Anyone with a smartphone and a credit card can aid strangers in Ukraine, through Airbnb, by just reserving a night at their home and not using it. Teenagers anywhere can create apps on Twitter to track Russian oligarchs and their yachts. And the encrypted instant messaging app Telegram — which was invented by two Russian-born techie brothers as a tool to communicate outside the Kremlin’s earshot — “has emerged as the go-to place for unfiltered live war updates for both Ukrainian refugees and increasingly isolated Russians alike,” NPR reported. And it’s run out of Dubai!

Meanwhile, Ukraine’s government has been able to tap a whole new source of funding — raising more than $70 million worth of cryptocurrency from individuals around the world after appealing on social media for donations. And the Tesla billionaire Elon Musk activated his SpaceX company’s satellite broadband service in Ukraine to provide high-speed internet after a Ukrainian official tweeted at him for help from Russian efforts to disconnect Ukraine from the world. . . .
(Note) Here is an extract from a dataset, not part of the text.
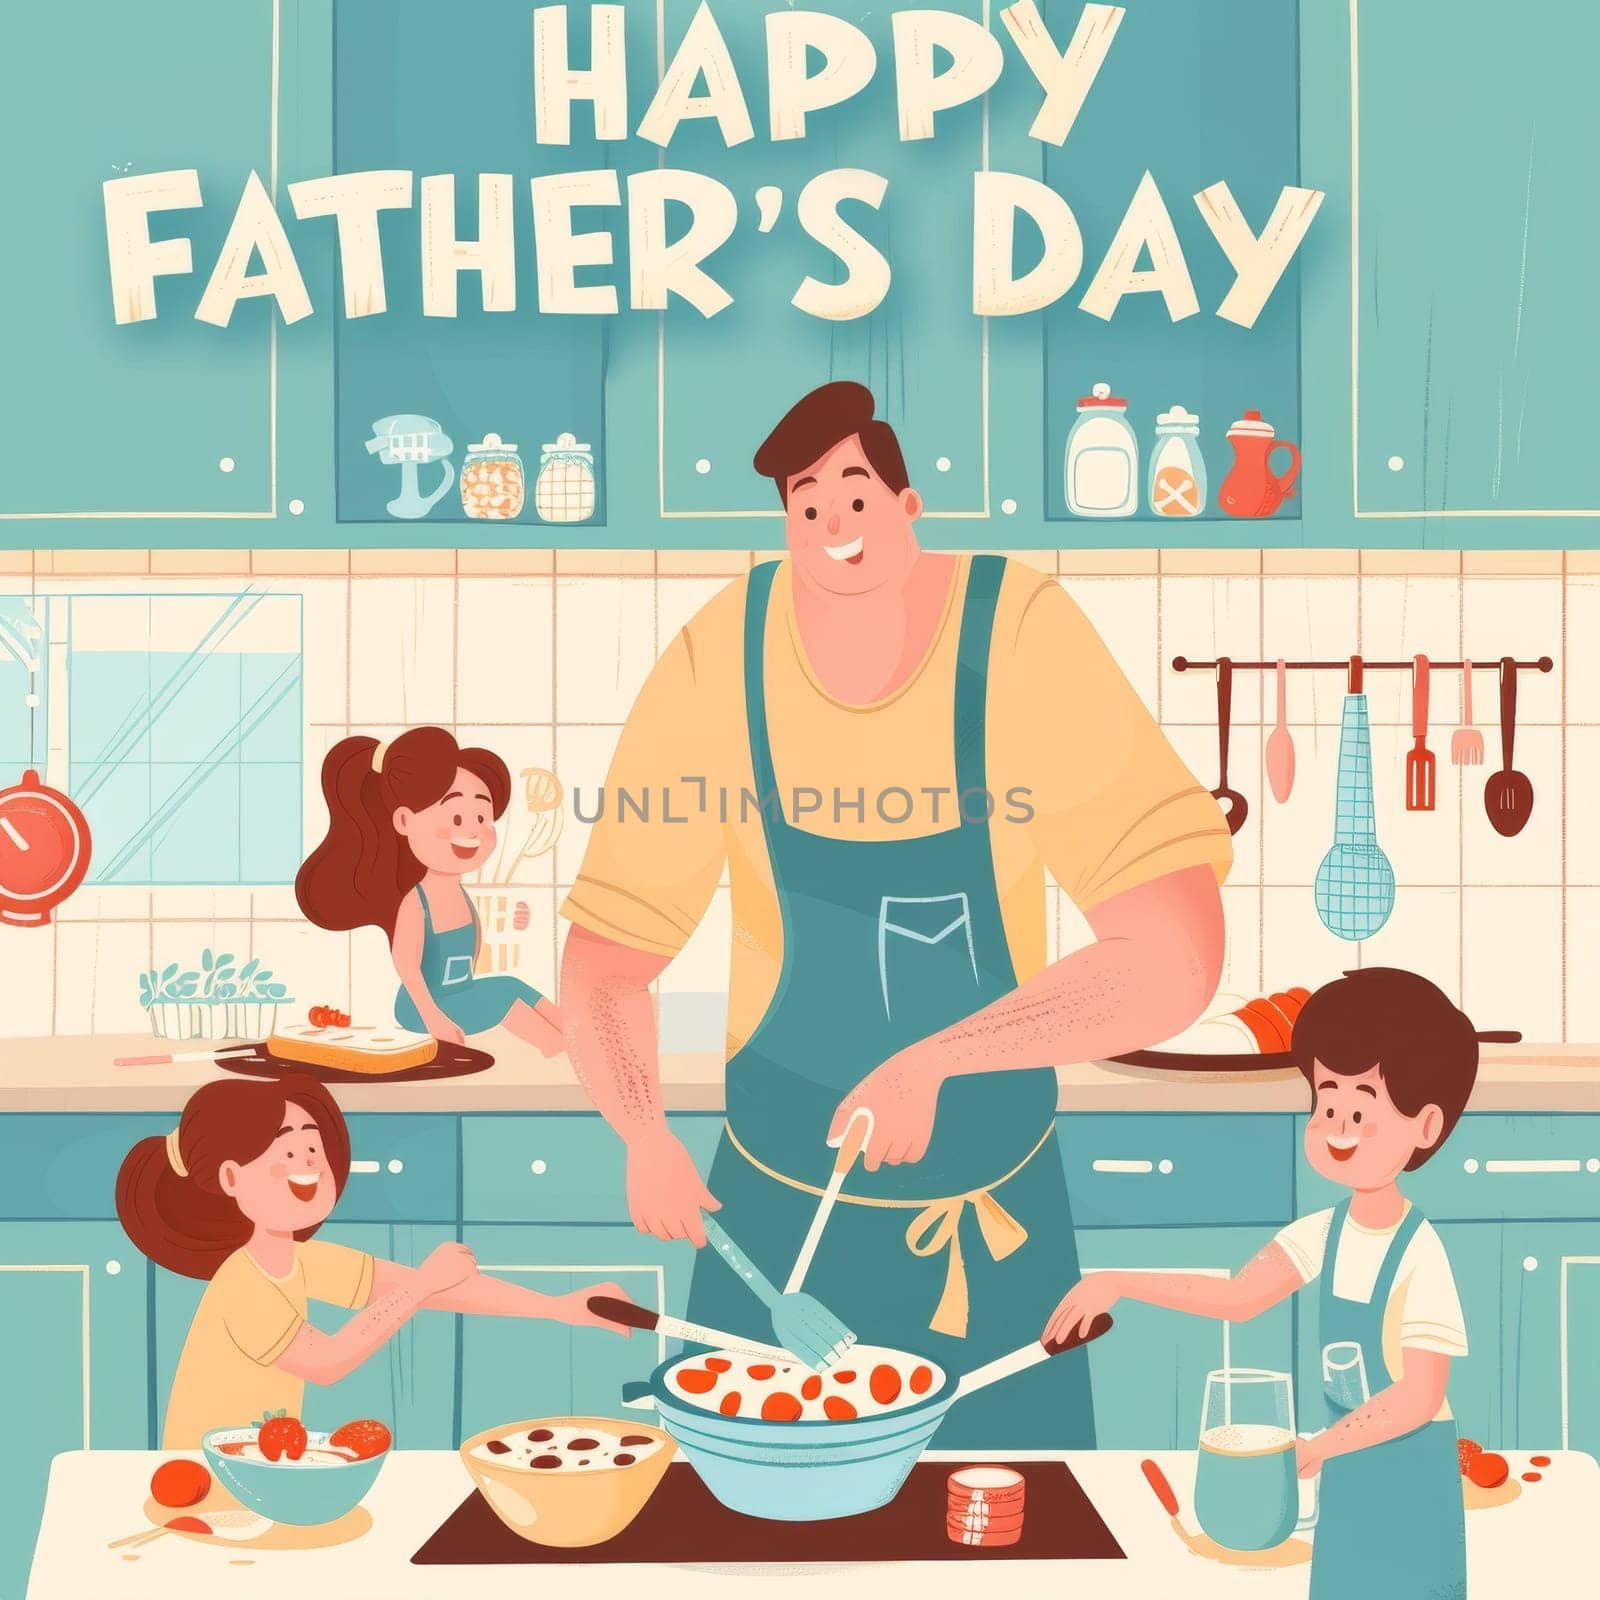 Animated illustration of a dad cooking with his kids in a kitchen, celebrating Fathers Day with a home-cooked meal and smiles. by sfinks

But just as so many more people can affect this war, so, too, can more be affected by it. Russia and Ukraine are key suppliers of wheat and fertilizer to the agricultural supply chains that now feed the world and that this war has disrupted. A war between just two countries in Europe has spiked the price of food for Egyptians, Brazilians, Indians and Africans.

And because Russia is one of the world’s biggest exporters of natural gas, crude oil and the diesel fuel used by farmers in their tractors, the sanctions on Russia’s energy infrastructure are curbing its exports, causing gasoline pump prices to rise from Minneapolis to Mexico to Mumbai, and forcing farmers as far away as Argentina to ration their diesel-powered tractor usage or cut fossil-fuel-rich fertilizer usage, jeopardizing Argentina’s agriculture exports and adding further to soaring world food prices. . . .

Putin, it turns out, had no clue what world he was living in, no clue about the frailties of his own system, no clue how much the whole free, democratic world could and would join the fight against him in Ukraine, and no clue, most of all, about how many people would be watching.